Malgré les nombreuses tentations, les Britanniques nourrissent toujours une passion sans pareille pour leur «cup of tea», une tradition qui n'aurait pas survécu à la vie moderne sans l'invention fortuite il y a 100 ans du sachet de thé. 

«La consommation du thé sur le continent a un côté chic. Ici, c'est comme respirer, on le fait automatiquement», confie à l'AFP William Gorman, président du Conseil britannique du thé, partenariat des pays producteurs de thé et des fabricants britanniques.À l'heure actuelle, le Royaume-Uni se place au deuxième rang mondial de consommation annuelle de thé per capita avec 2,5 kg, derrière l'Irlande (2,7 kg). La Chine et l'Inde n'affichent que 0,5 kg par personne.

Cela représente en moyenne trois tasses de thé par jour pour chaque Britannique (enfants compris), soit un total d'environ 165 millions par jour ou 60,2 milliards par an.

En 1970, la consommation moyenne quotidienne était de quatre tasses par personne mais l'apparition de nouvelles boissons a entraîné une légère désaffection. Pourtant ces dernières années, les industriels ont assisté à une reprise dans une société de plus en plus soucieuse de sa silhouette.

«Les preuves scientifiques du bienfait du thé sur la santé se sont multipliées. Les femmes, en particulier celles entre 25 et 40 ans, dopent ce renouveau parce qu'elles en ont marre de l'eau», a estimé M. Gorman.

Et de rappeler qu'une tasse de thé est constituée à 99% d'eau, qu'elle est riche en anti-oxydants, hydratante, n'est pas calorique, qu'un nuage de lait ne «pèse» que 14 calories, et que le taux de caféine est faible.

Mais ce n'est pas suffisant pour expliquer le regain d'intérêt pour cette boisson popularisée au 17e siècle en Angleterre par l'infante portugaise et épouse du roi Charles II, Catherine de Bragance, et qui a explosé avec la révolution industrielle.

«À l'instar du vin ces 30 dernières années, les fabricants de thé proposent désormais de merveilleuses sélections de thés spécialisés. La gamme a augmenté de façon spectaculaire», a relevé M. Gorman.

Infusions, thés parfumés et thés verts ont fait de nouveaux adeptes mais le palais britannique préfère de loin le thé noir au lait, qui est présent dans 90% des «mugs» (grande tasse).

Face à l'apparition récente de chaînes de café, le thé n'a même pas frémi: «Le café n'a jamais été une menace. Le café est un concurrent honorable mais nous sommes une nation dominée par le thé», a affirmé William Gorman, indiquant que les Britanniques consomment seulement 70 millions de tasses de café par jour.

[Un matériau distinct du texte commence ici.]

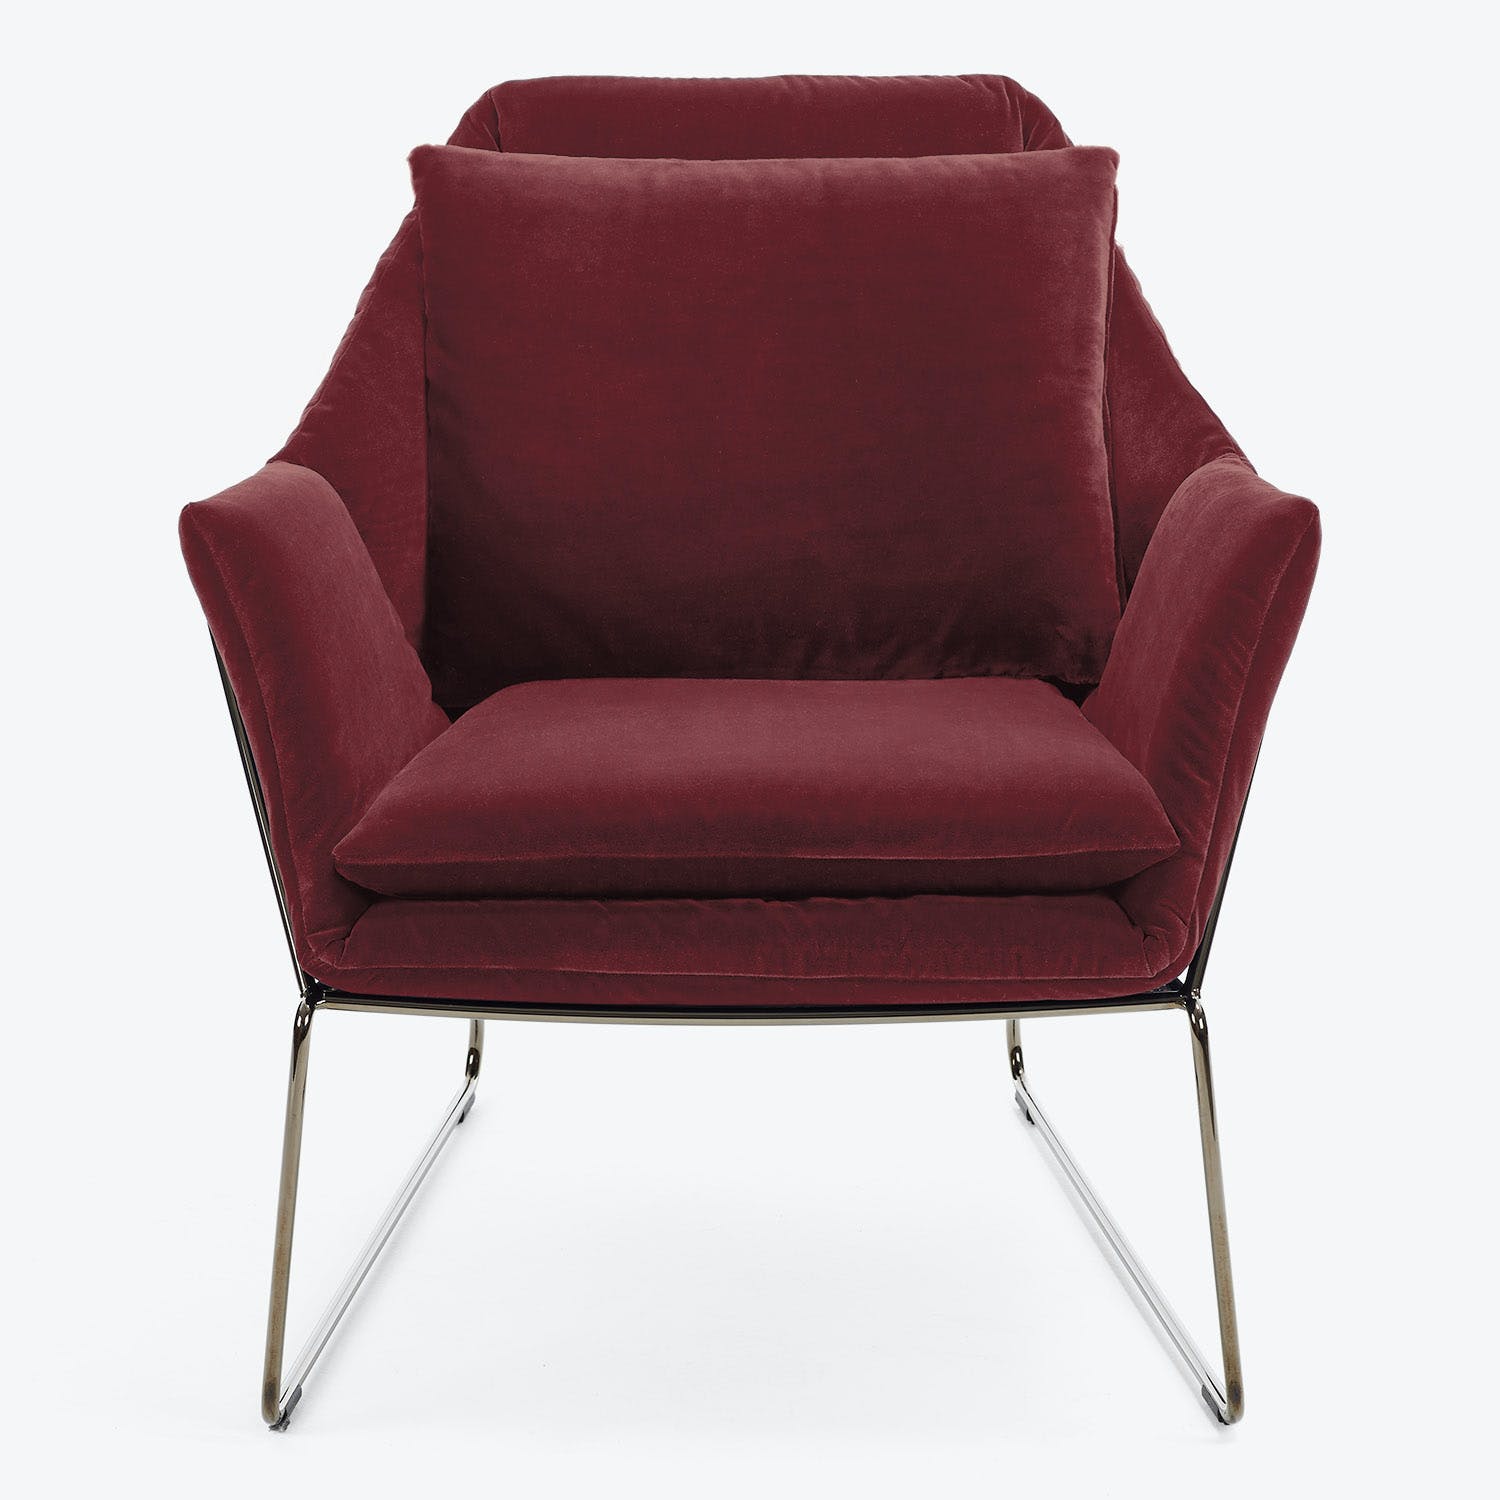 Contemporary single-seat armchair with plush red velvet upholstery and sleek metal frame

Reste que le breuvage préféré des Britanniques ne doit sa survie qu'à une opération promotionnelle qui a mal tourné et qui célèbre cette année son centenaire: «Le sachet de thé a sauvé l'industrie», reconnaît M. Gorman.

En 1908, un marchand anglais de thé installé à New York, Thomas Sullivan, veut développer son commerce et envoie à des prospects des échantillons dans de petits sacs de soie. Les destinataires, peu familiarisés avec la préparation de l'élixir, plongent l'ensemble dans l'eau chaude.

Il faut attendre 1953 pour que le sachet, perfectionné par les Américains, traverse l'Atlantique mais les Britanniques sont d'abord réticents à renoncer au cérémonial de la préparation du thé en vrac.

Au début des années 1960, le thé en sachet représente moins de 3% des ventes, alors qu'aujourd'hui 96% des quelque 160 000 tonnes de thé importées chaque année au Royaume-Uni sont vendues en sachets, plus pratiques et plus rapides à utiliser.